The following Sunday's Times carried a story from reporter Rebecca Perl which opened:
"Two hours before the first kickoff of the season in what is now the Northwest's largest stadium, Rachel Livingston and Kim Gaetz, ushers, were eyeing the new north addition of Husky Stadium.
"'I've thought of the possibility of it falling,' Livingston said. 'I don't think they would stick all those contributors up here if they thought it might fall,' said Gaetz.
"The new north stands didn't fall. They shook, though, when the fans stamped their feet as the
Huskies rolled to a 31-21 victory yesterday over the Stanford Cardinal. But despite a lot of jokes about the addition falling, as its first steel skeleton did in February, no one seemed truly afraid."


There were some minor hiccups – the air conditioning didn't work in the new Tyee Center (now the Don James Center), and some of the water fountains weren't in operation – but all in all, the new-look stadium was a success. Even the extra traffic brought on by the addition of 13,500 fans wasn't as bad as expected. Official attendance was 73,676.
On the field, the Huskies were led by early-season Heisman Trophy candidate Chris Chandler and receiver Darryl Franklin. Chandler went 18-for-31 for 314 yards while Franklin had a career day of his own, catching eight passes for 209 yards (second-most in UW history at the time) and a score.
Fullbacks Aaron Jenkins and Tony Covington also scored touchdown for the Huskies, and Brandy Brownlee added three field goals.
Along with the new stadium addition, much of the coverage in the sports sections of that centered on Brian Bosworth, whom the Seahawks had selected in the NFL's supplemental draft.

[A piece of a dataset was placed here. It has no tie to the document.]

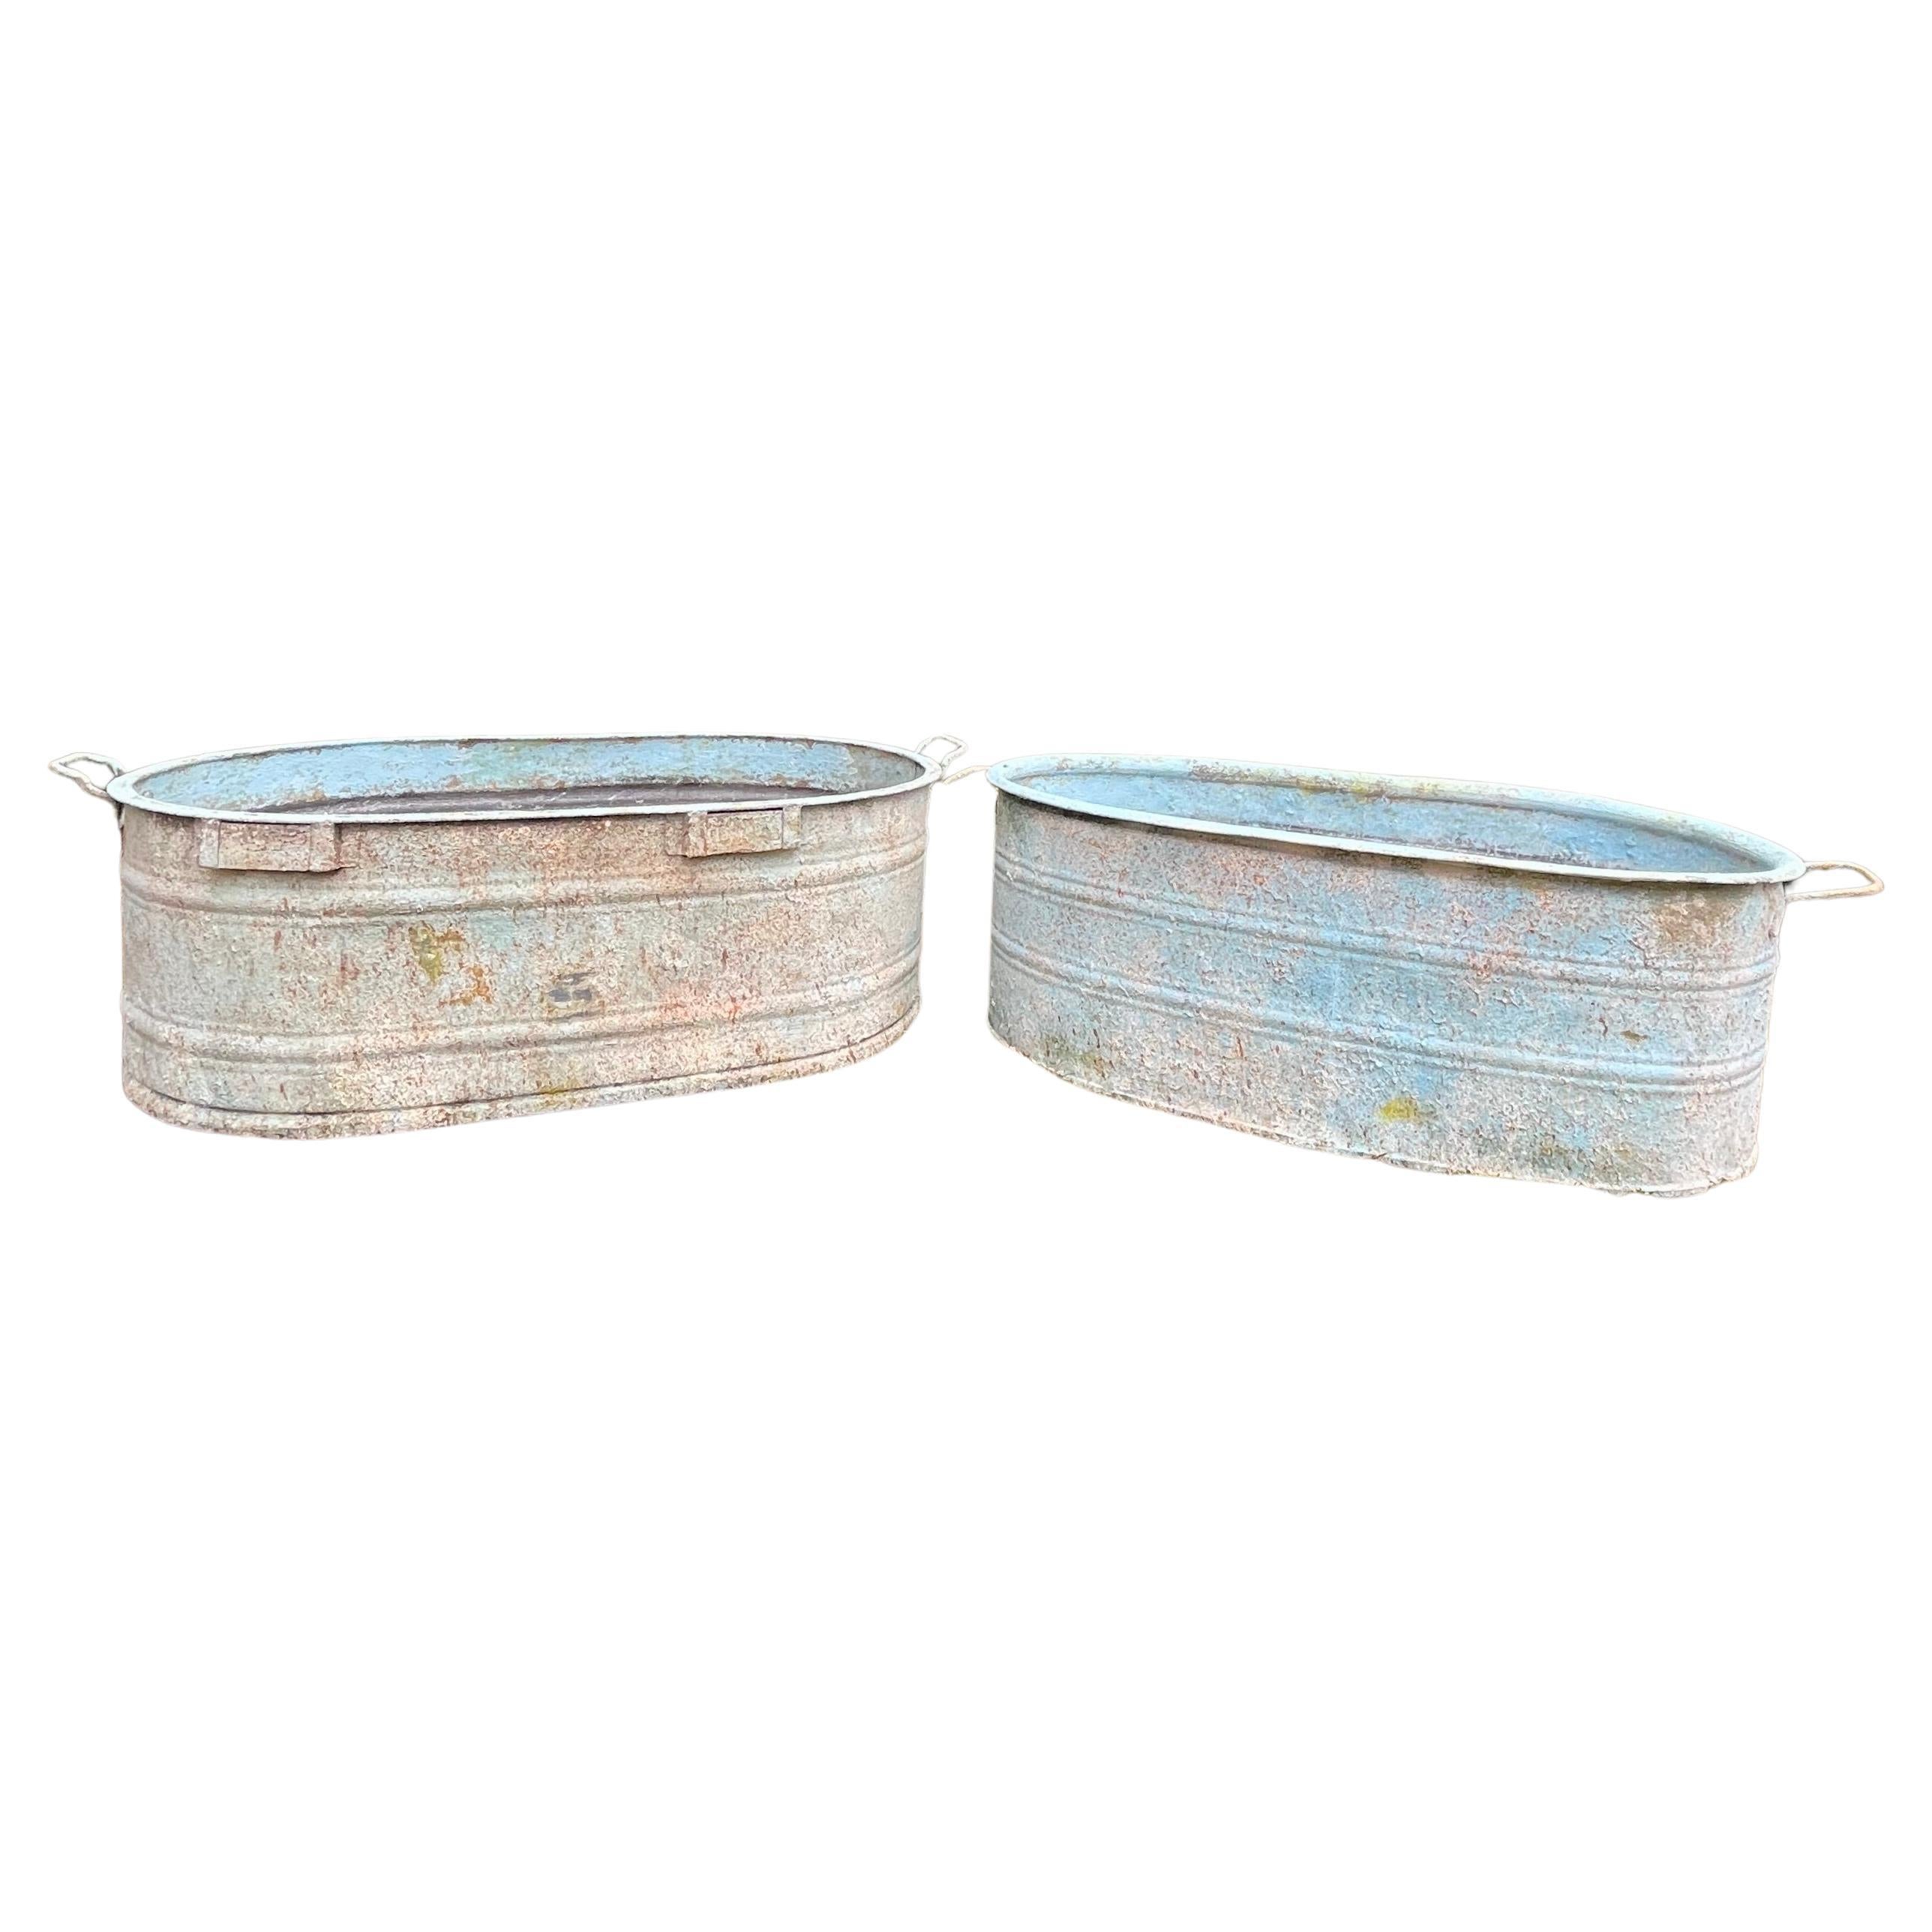 Near-Pair of Very Large German Oval Galvanized Planters #2 with Custom Surface For Sale
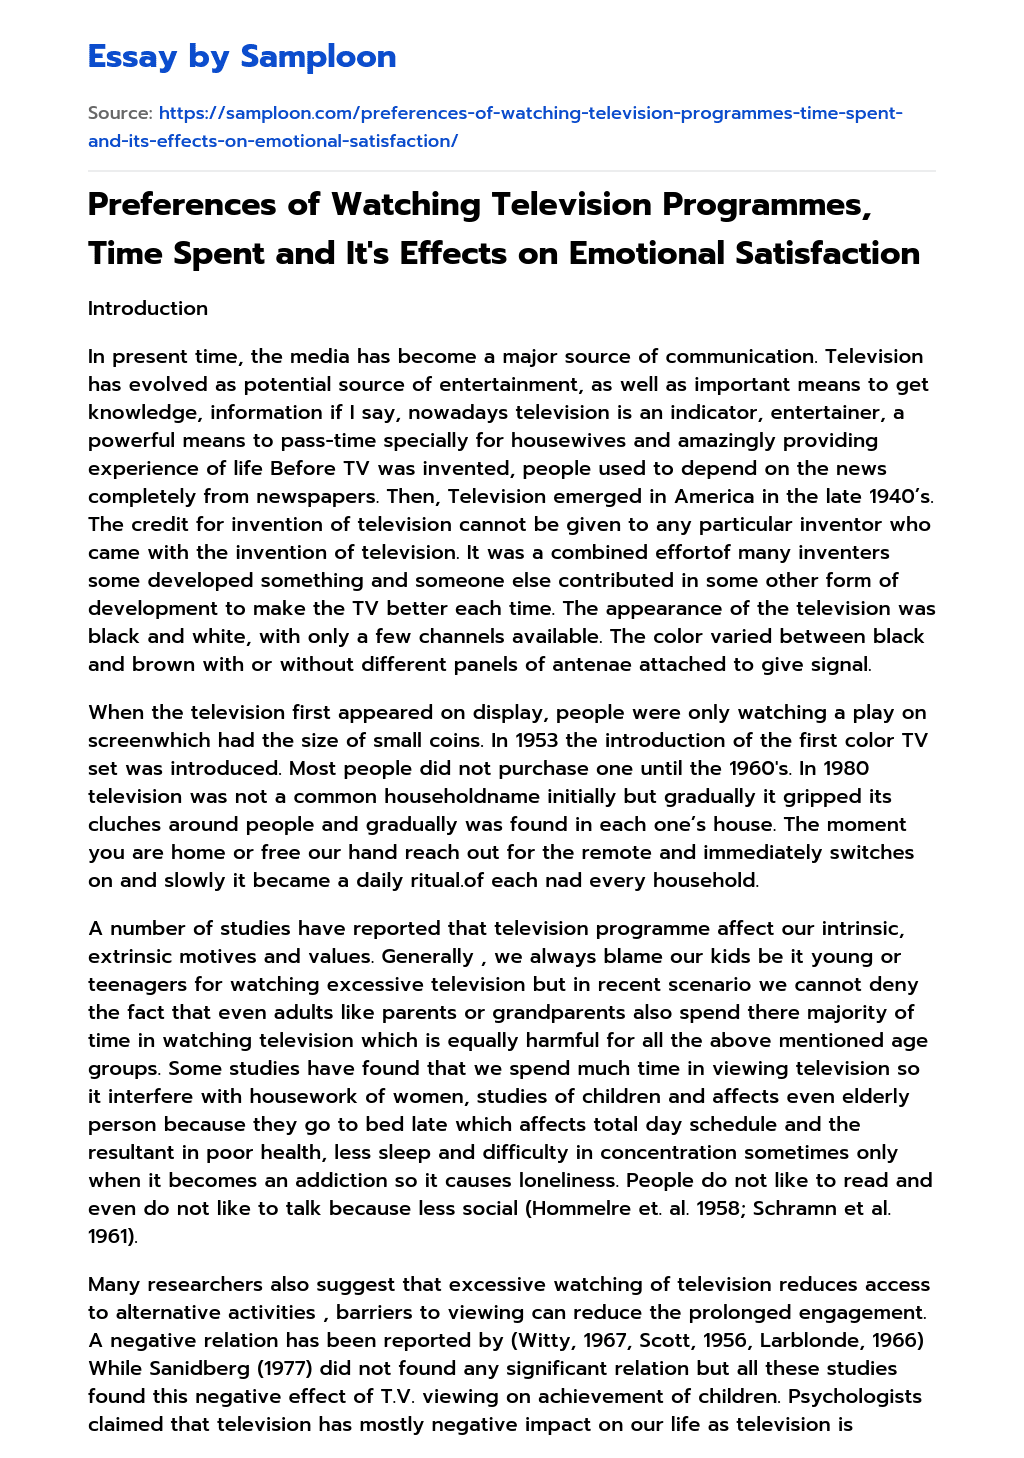 Preferences of Watching Television Programmes, Time Spent and It’s Effects on Emotional Satisfaction essay

The Boz, whose debut was probably as highly anticipated as any football player in Pacific Northwest history, would begin his pro career in the Seahawks regular-season opener a week after the Huskies' opened the season vs. the Cardinal.
As for the Huskies, the 1987 season would probably be considered something of a disappointment as the UW's seven wins (7-4-1) equaled the fewest since 1976. Washington finished third in the conference with a 4-3-1 record and beat Tulane in the Independence Bowl, in Shreveport, La.
Franklin, who was drafted by the Rams in the eighth round of the following spring's draft but didn't play in the NFL, went into his family business and now owns a roofing company in the Tacoma area, where he grew up.
Chandler was the Indianapolis Colts' third-round draft pick in 1988. He went on to play a total of 17 years in the NFL, for eight different teams. In 1998, he led the Atlanta Falcons to a 14-2 regular-season record and a trip to the Super Bowl, where Atlanta lost to John Elway and the Broncos. Elways' father, Jack, was the Stanford head coach in 1987. Since retiring, Chandler has resided mainly in the San Diego area.